Academic Output

The evolution of clusters of research excellence measured with The Microsoft Academic Knowledge API preview.

Juan Mateos-Garcia at NESA recently shared one of the best summaries of the current state of measuring science output . He calls the field scientometrics and here I’m sharing some recent work that I’ve been doing to add to it.

The Microsoft Academic Knowledge API

I’ve been using The Microsoft Azure Cognitive Services Academic Knowledge API Preview (try saying that after a few drinks) and it’s really impressive. Microsoft have ingested millions of scientific papers, extracted a lot of information from the text (names of Authors, Institutions, Year of Publication), used Machine Learning to guess others (Field of Study) or to categorise variable names for the same Authors and Institutions into a single identifier, and then put it all in a database that you can query. The first few hundred queries are free, but after that you to pay, but it’s very affordable.

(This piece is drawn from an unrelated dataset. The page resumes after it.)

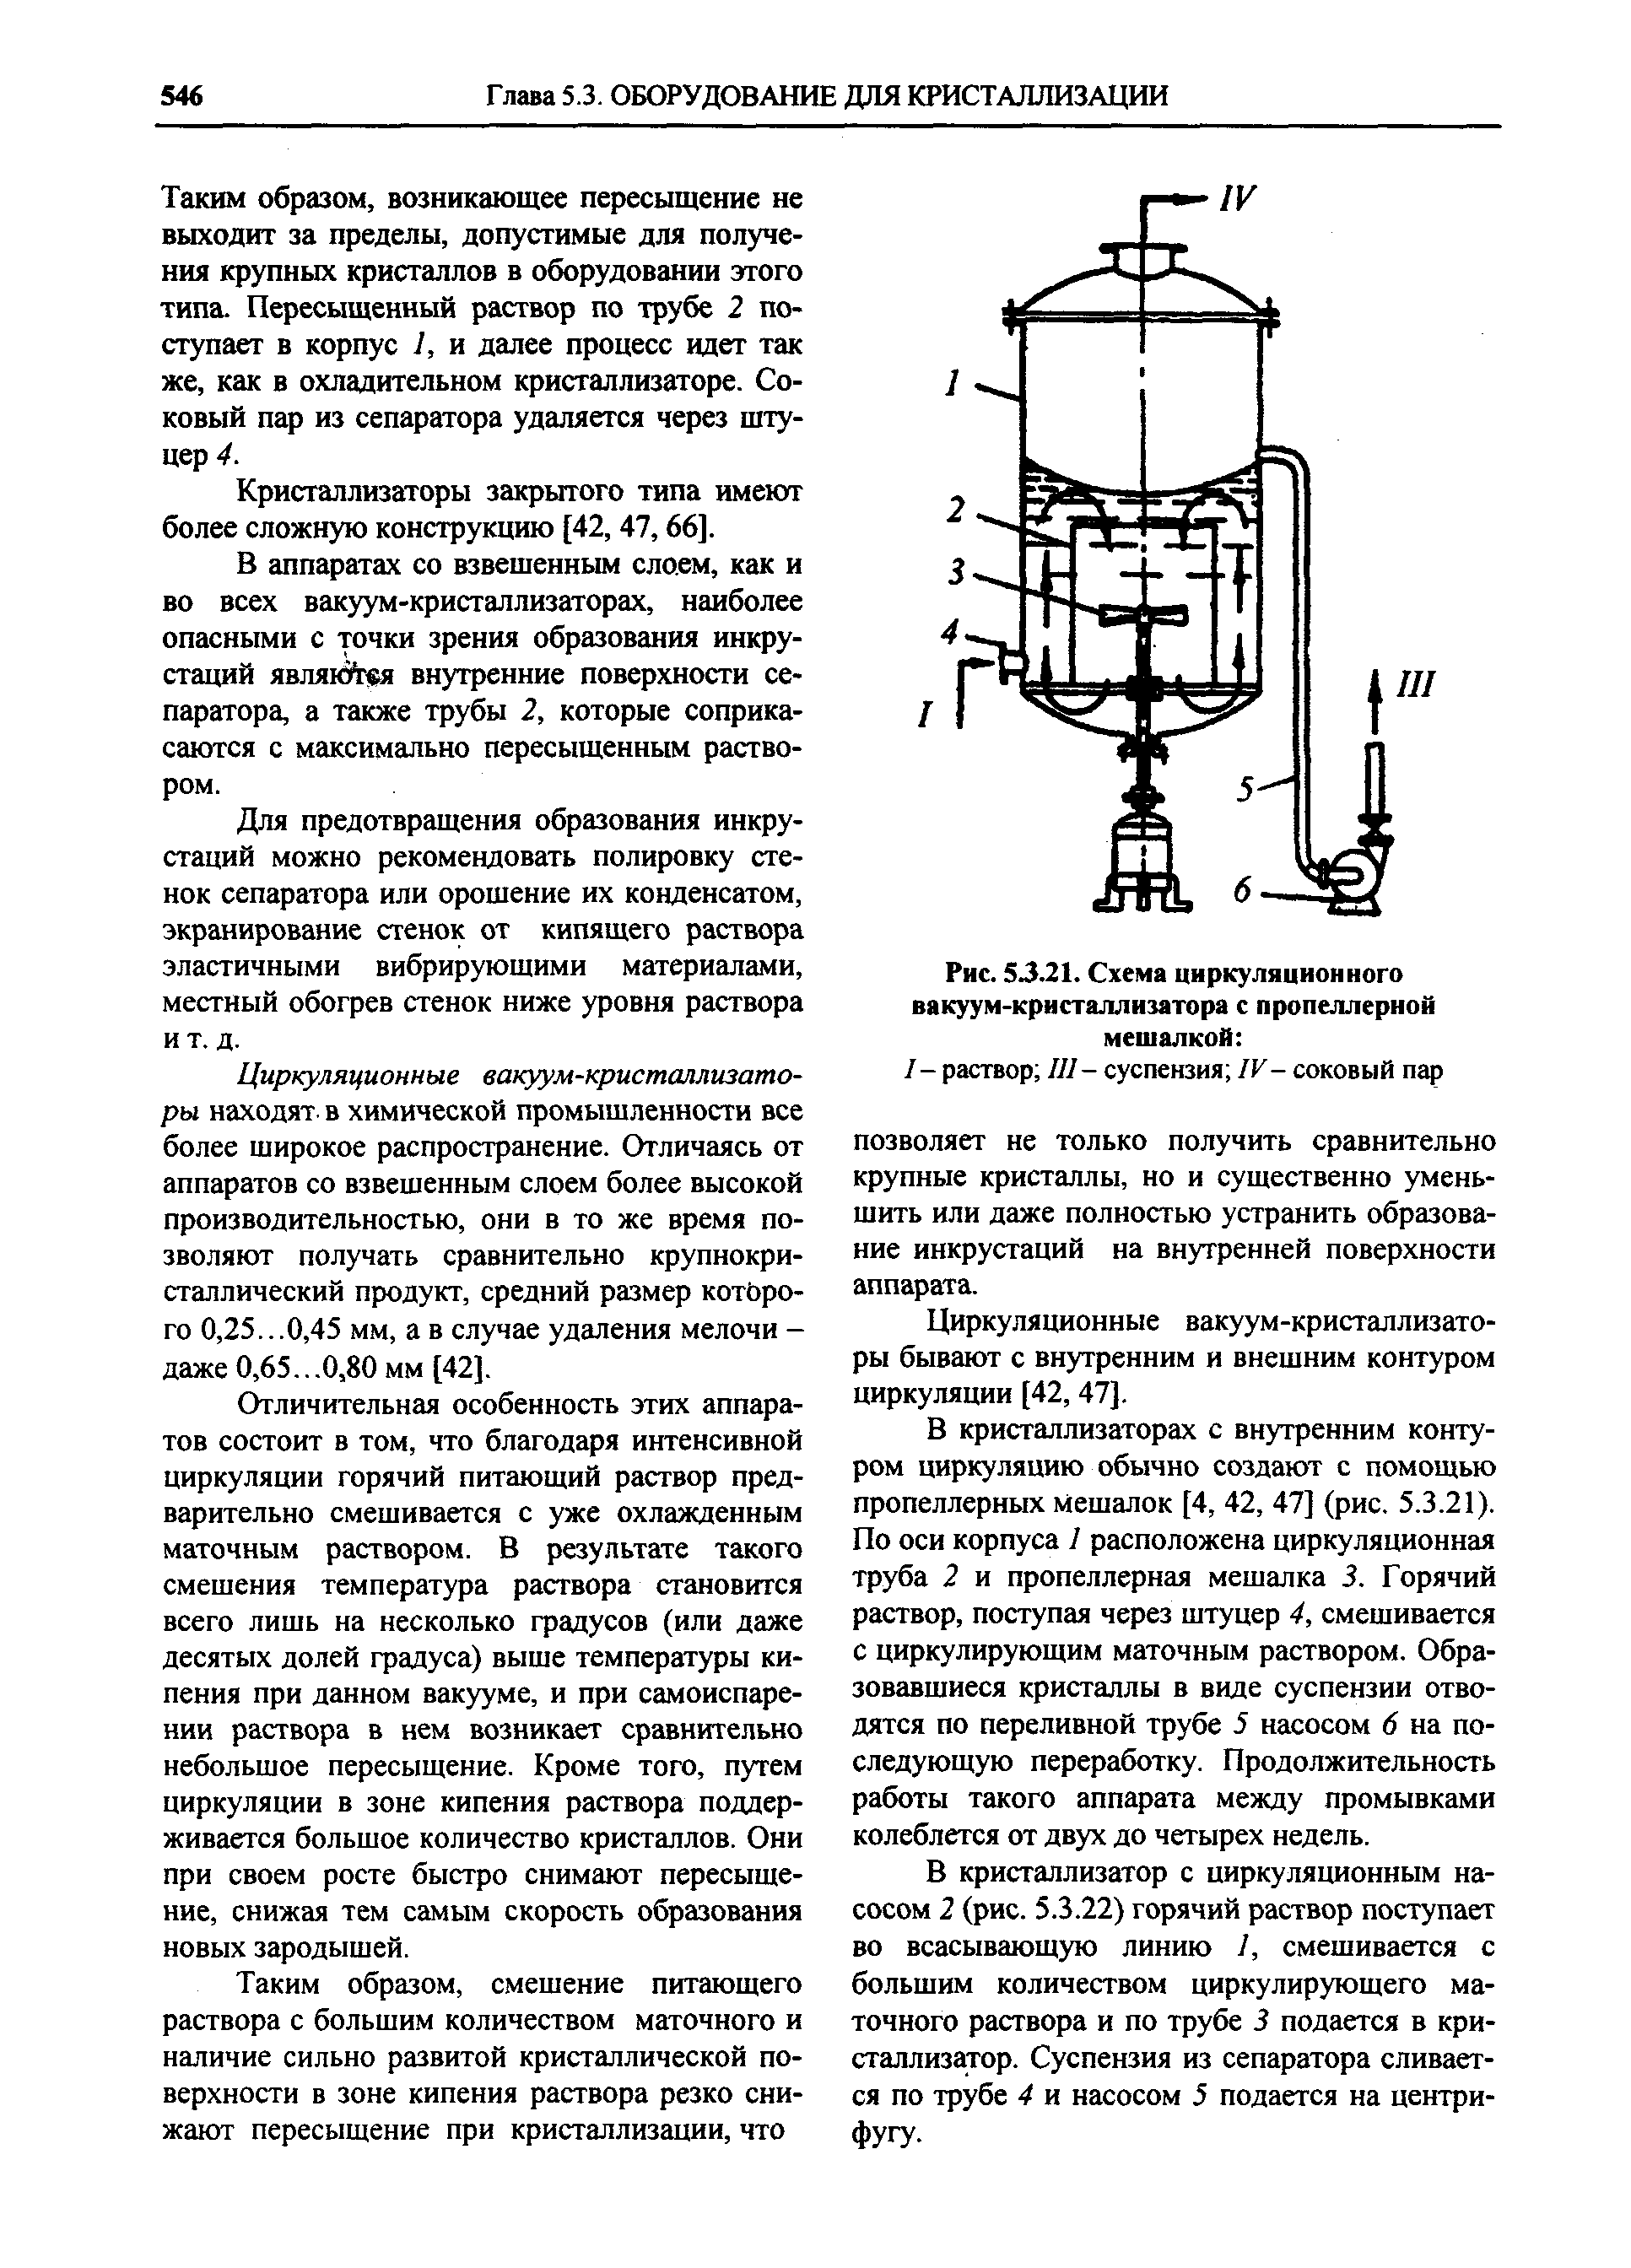 Рис. 5Л.21. Схема циркуляционного вакуум-кристаллизатора с пропеллерной мешалкой

My suspicion is that the underlying structure of the data is a graph database, focusing on links between papers, institutions, authors, and fields of study. As a result, the query syntax is unusual. And to make matters worse, there aren’t a lot of examples. But it’s worth the effort and hopefully this will serve as an extra example for people to follow

The database feels enormous and server responses are near-instant. I learned the hard way that there’s a required 10 second gap between requests, though I’d expect this to be removed once the service leaves preview.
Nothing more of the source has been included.